- Directed by: Dina Zvi-Riklis
- Screenplay by: Alma Ganihar Dina Zvi-Riklis
- Starring: Gila Almagor Miri Mesika Rivka Raz Reymond Amsalem Tali Sharon Tracy Abramovich Dana Zilberstein
- Cinematography: Shai Goldman
- Edited by: Tova Ascher
- Production company: Golan-Globus
- Release date: 13 July 2006;
- Running time: 106 minutes

= Three Mothers (2006 film) =

2006 Israeli drama film by Dina Zvi-Riklis

Three Mothers (Hebrew: שלוש אמהות, Shalosh Imahot) is a 2006 Israeli drama film, directed by Dina Zvi-Riklis.

== Plot synopsis ==
The film follows three sisters who were born as triplets: Rose, Flora and Yasmeen. The sisters grow up in a prosperous family in Egypt, and are visited by King Farouk. The film moves between the current-day relationship of the sisters, now in their sixties, and their story from when they were young, as they relate it to Ruha, Rose's daughter.

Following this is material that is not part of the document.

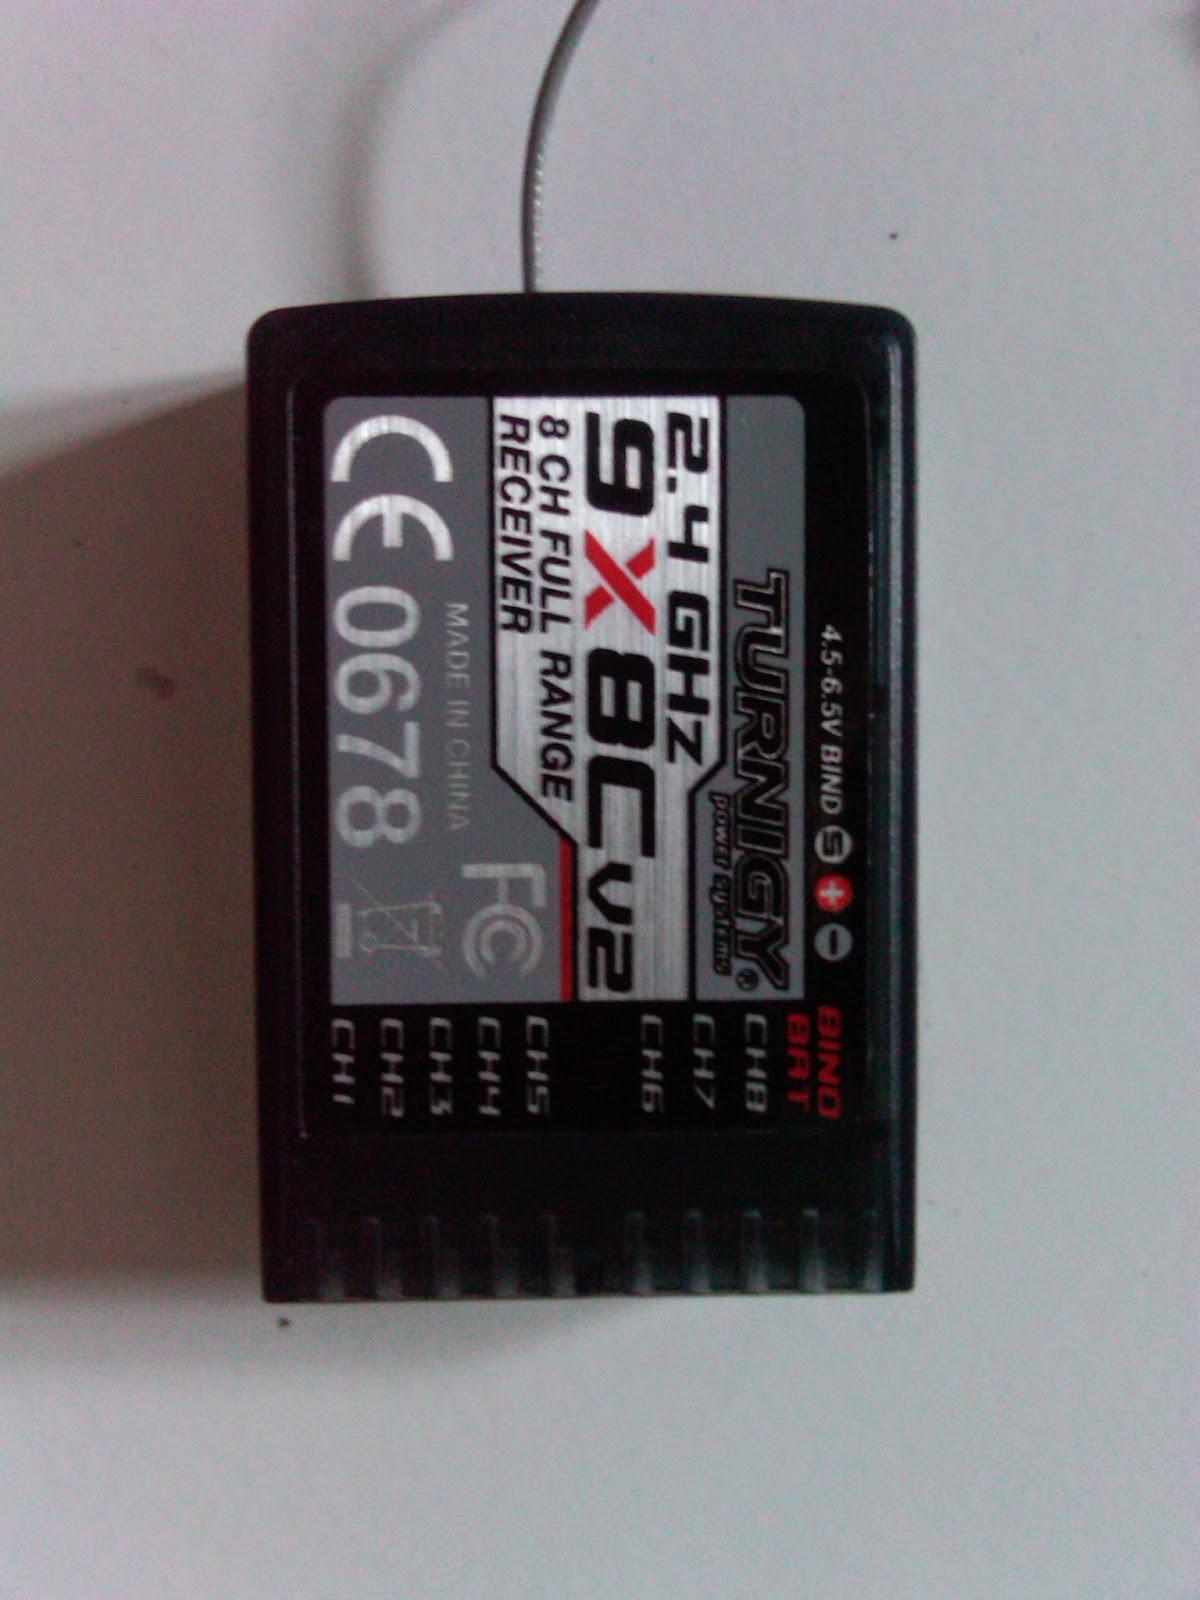 Turnigy 9x v2 manual free download

The girls' mother died young, when the family lived in Alexandria. The widowed father decides to move to Tel Aviv, in Israel, where he opens a large shop. Rose, who is fiercely independent, begins a relationship with a young man her father does not approve of. When she becomes pregnant, marriage becomes a priority for all the sisters. On the eve of their triple wedding, the father dies.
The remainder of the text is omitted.